» WHAT IS REQUIRED
Drop the pictures and restate the rest of the listing word for word.

» INFORMATION PROVIDED
================================
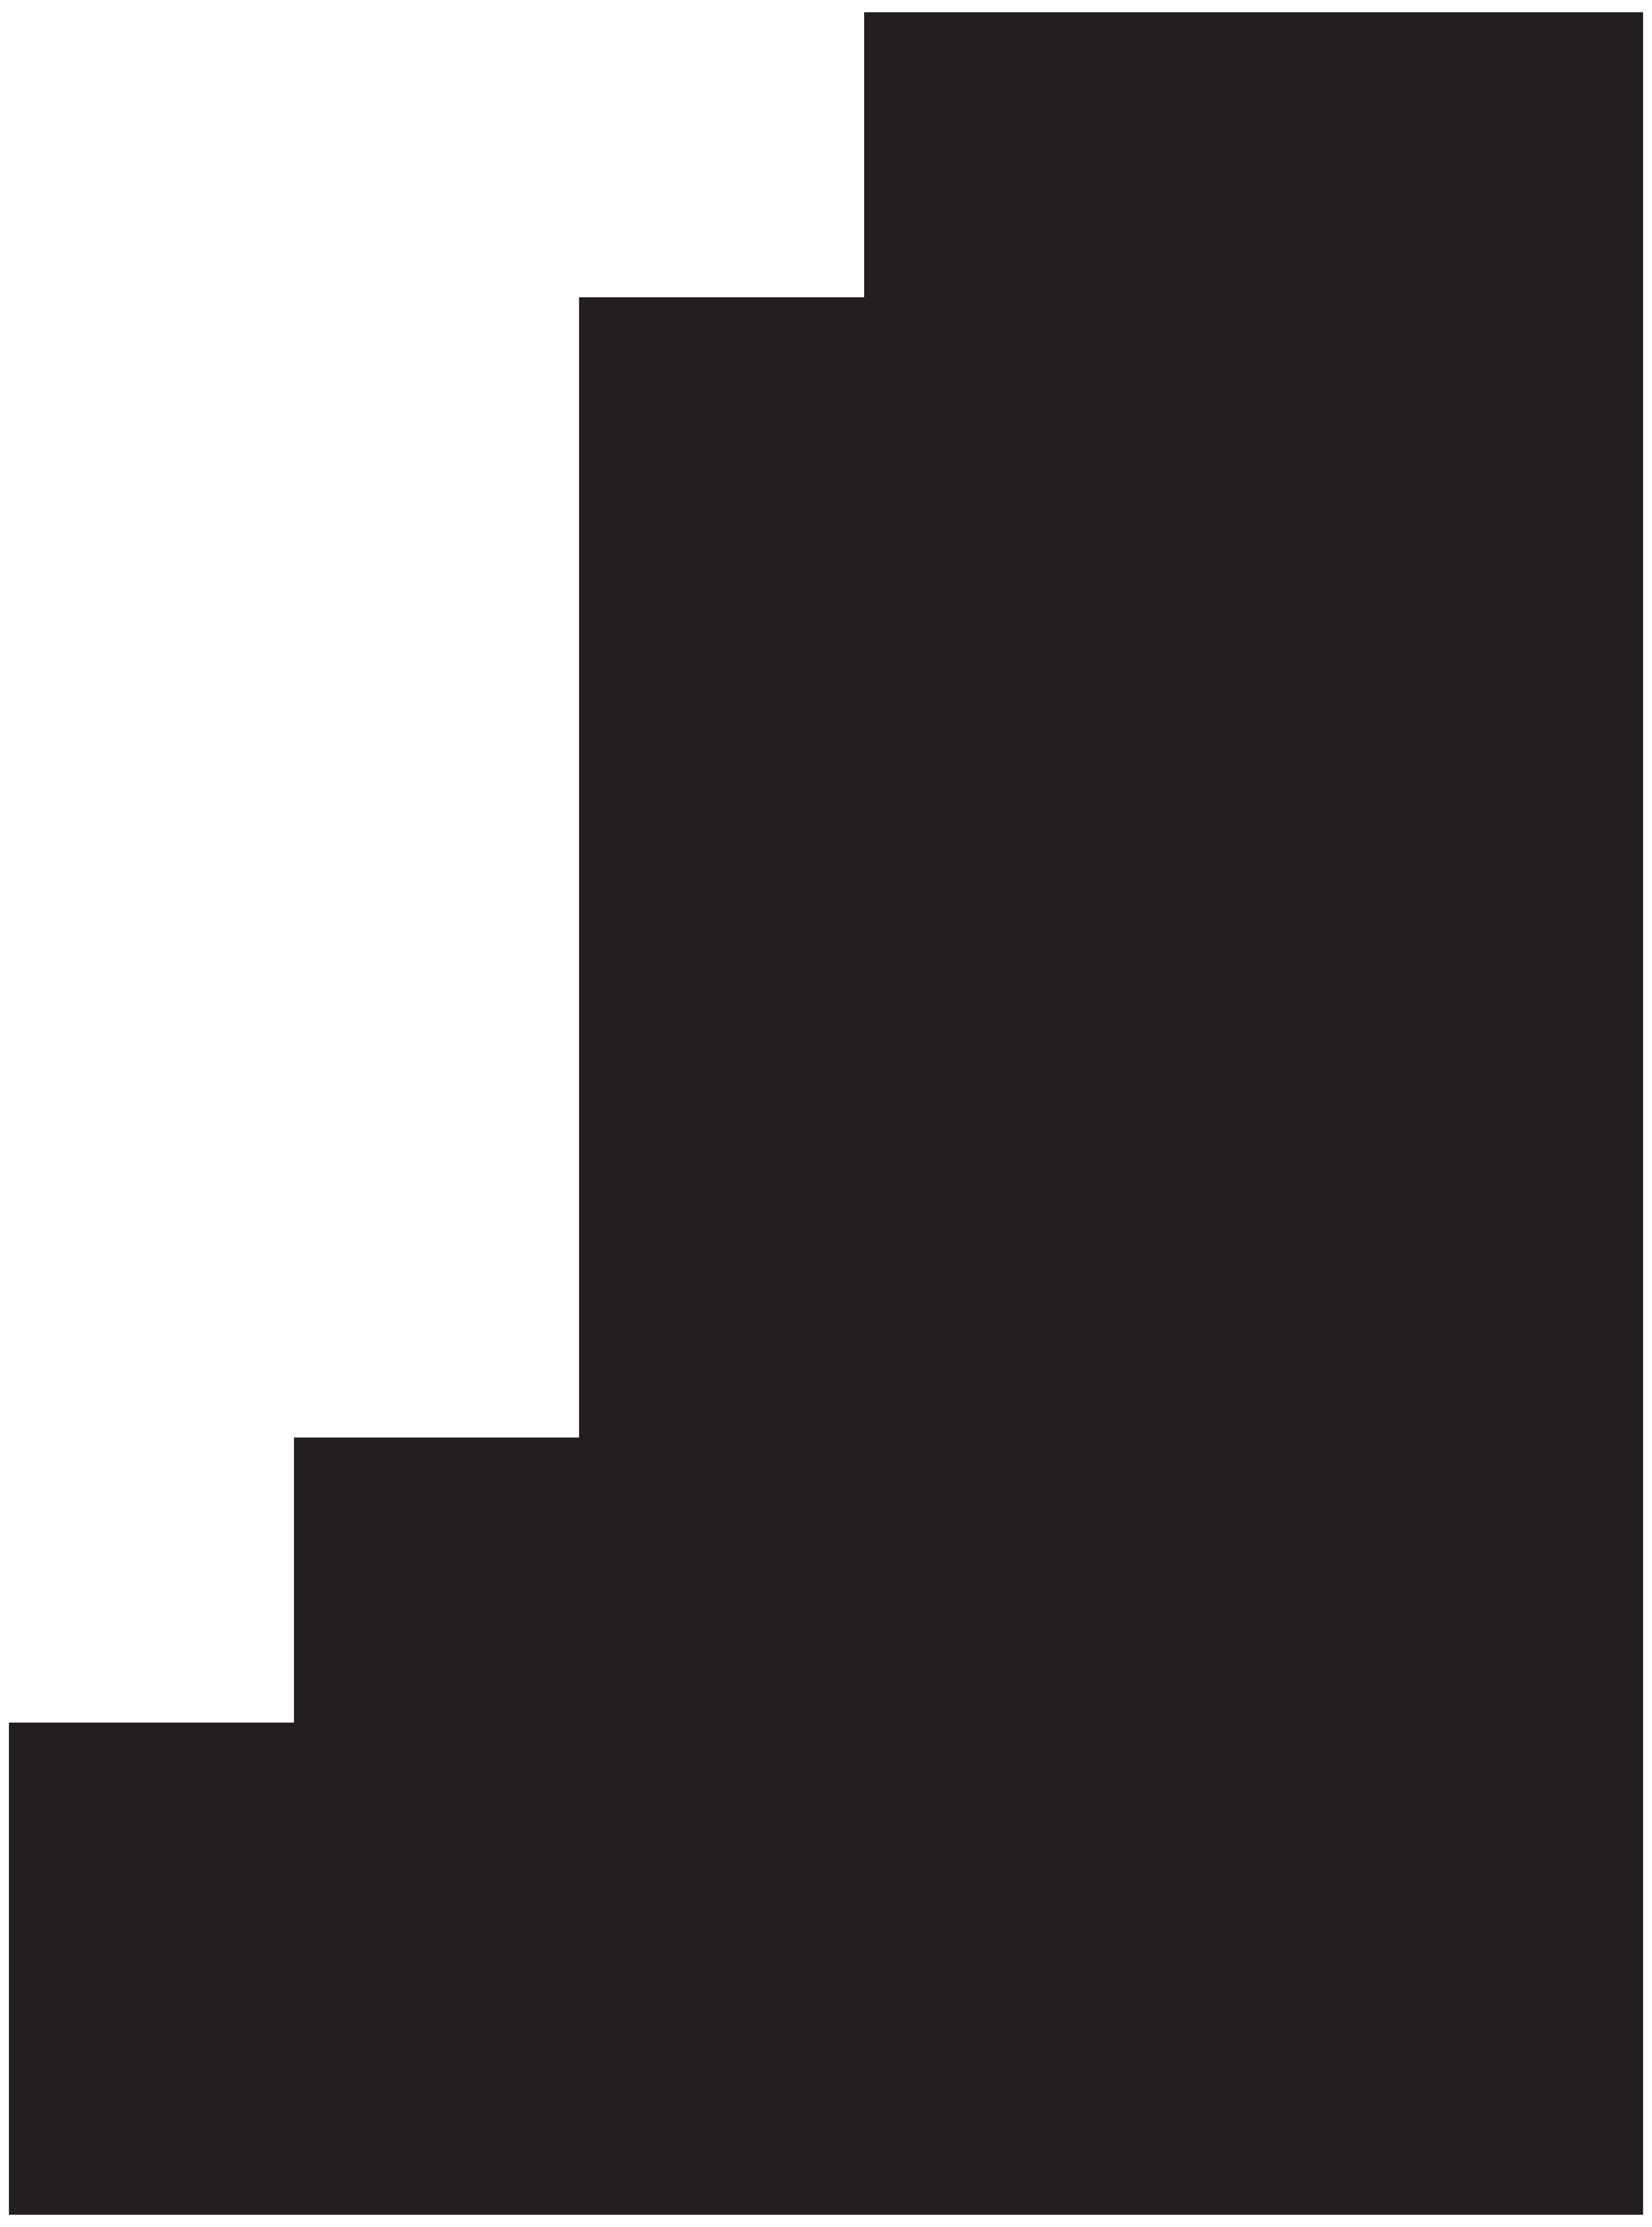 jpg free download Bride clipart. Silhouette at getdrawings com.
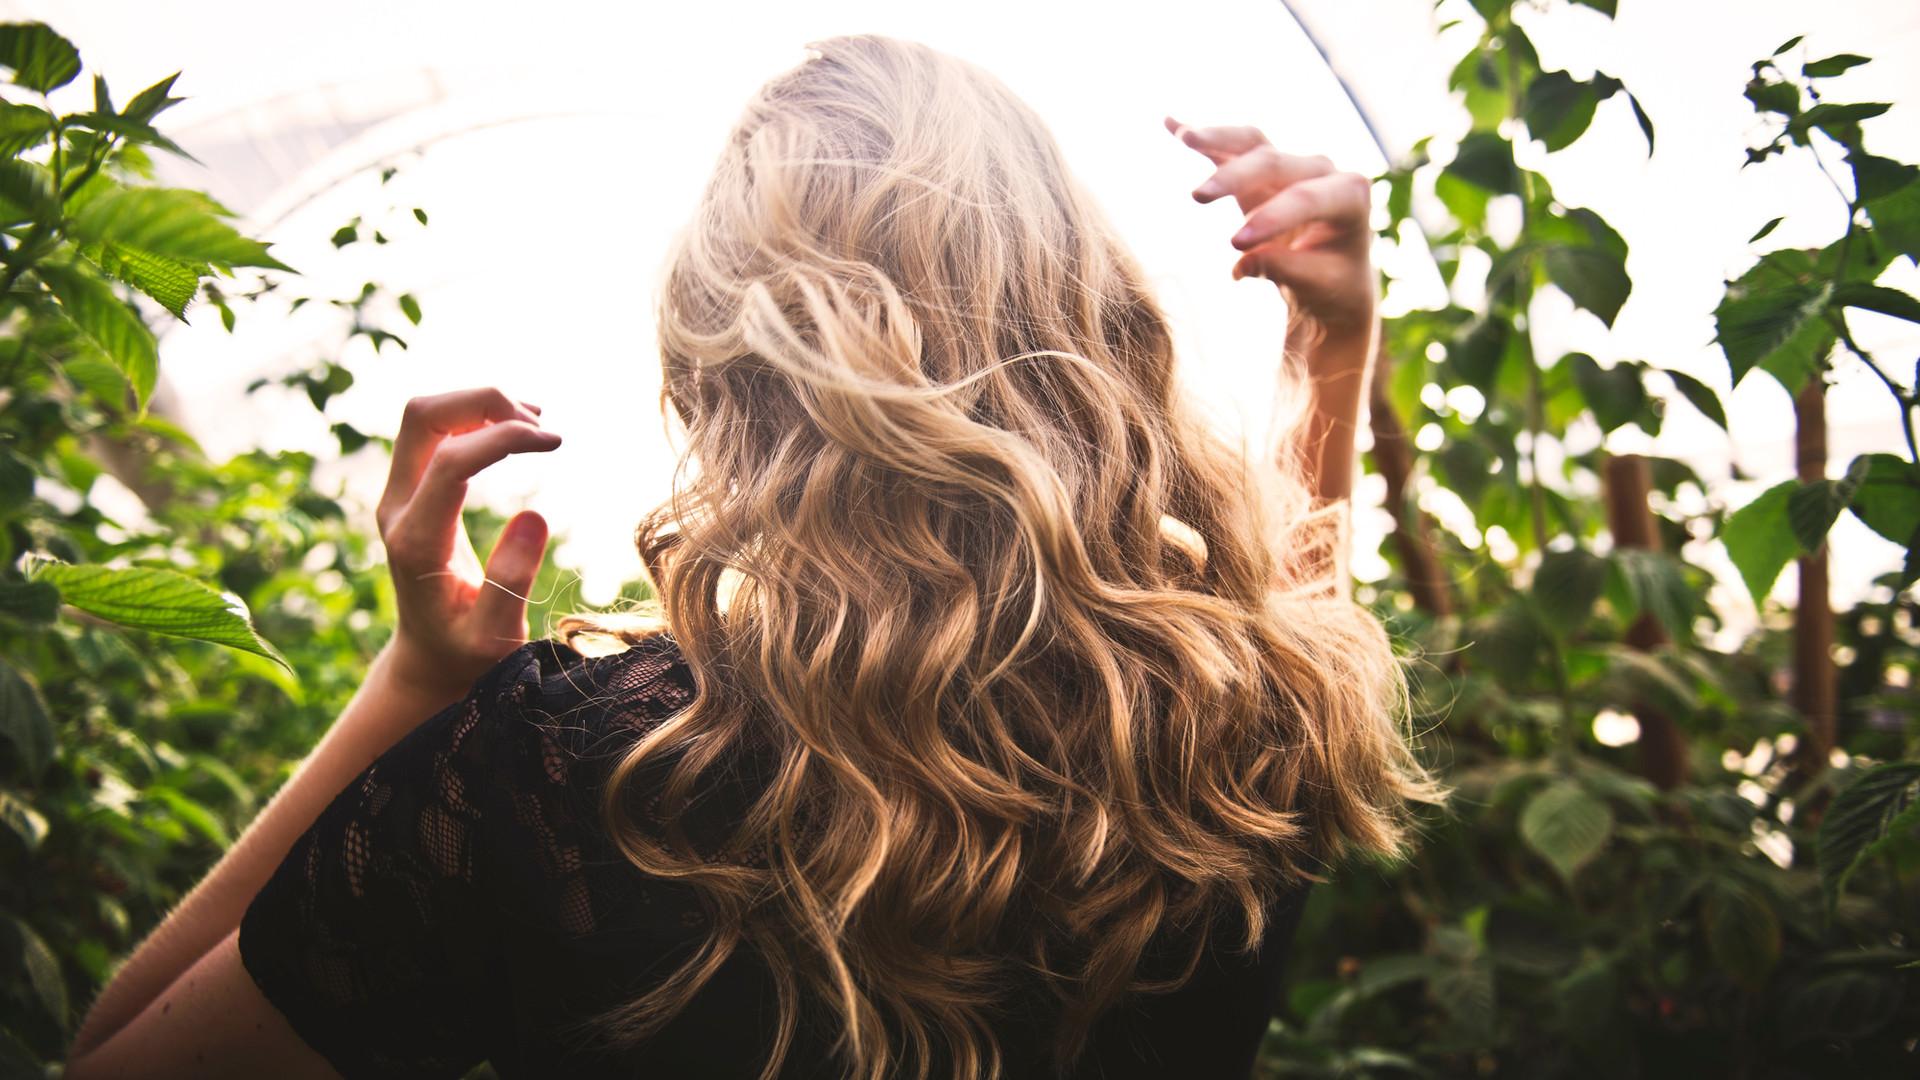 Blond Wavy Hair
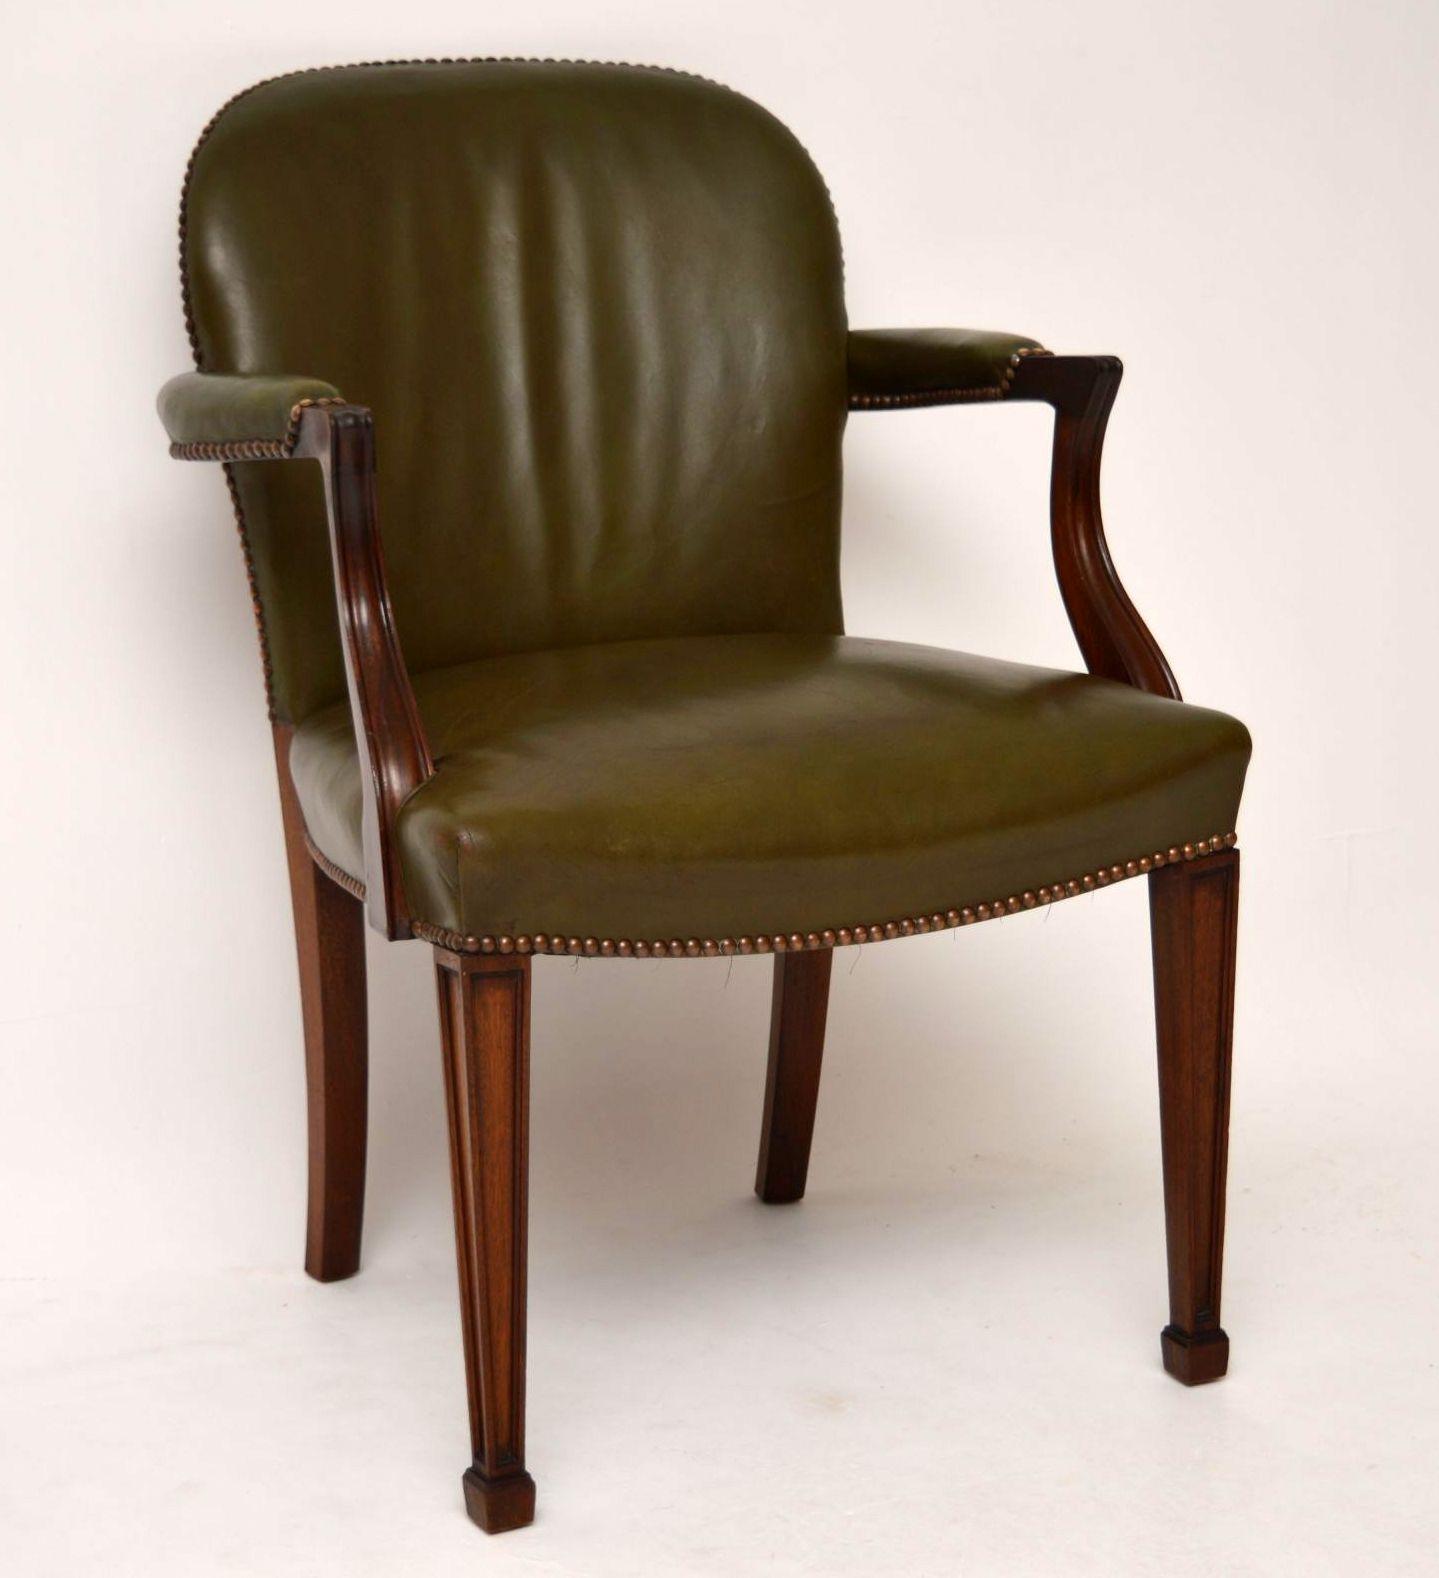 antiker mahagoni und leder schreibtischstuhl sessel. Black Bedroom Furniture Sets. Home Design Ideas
================================
» YOUR RESPONSE
 jpg free download Bride clipart. Silhouette at getdrawings com.
 Blond Wavy Hair
 antiker mahagoni und leder schreibtischstuhl sessel. Black Bedroom Furniture Sets. Home Design Ideas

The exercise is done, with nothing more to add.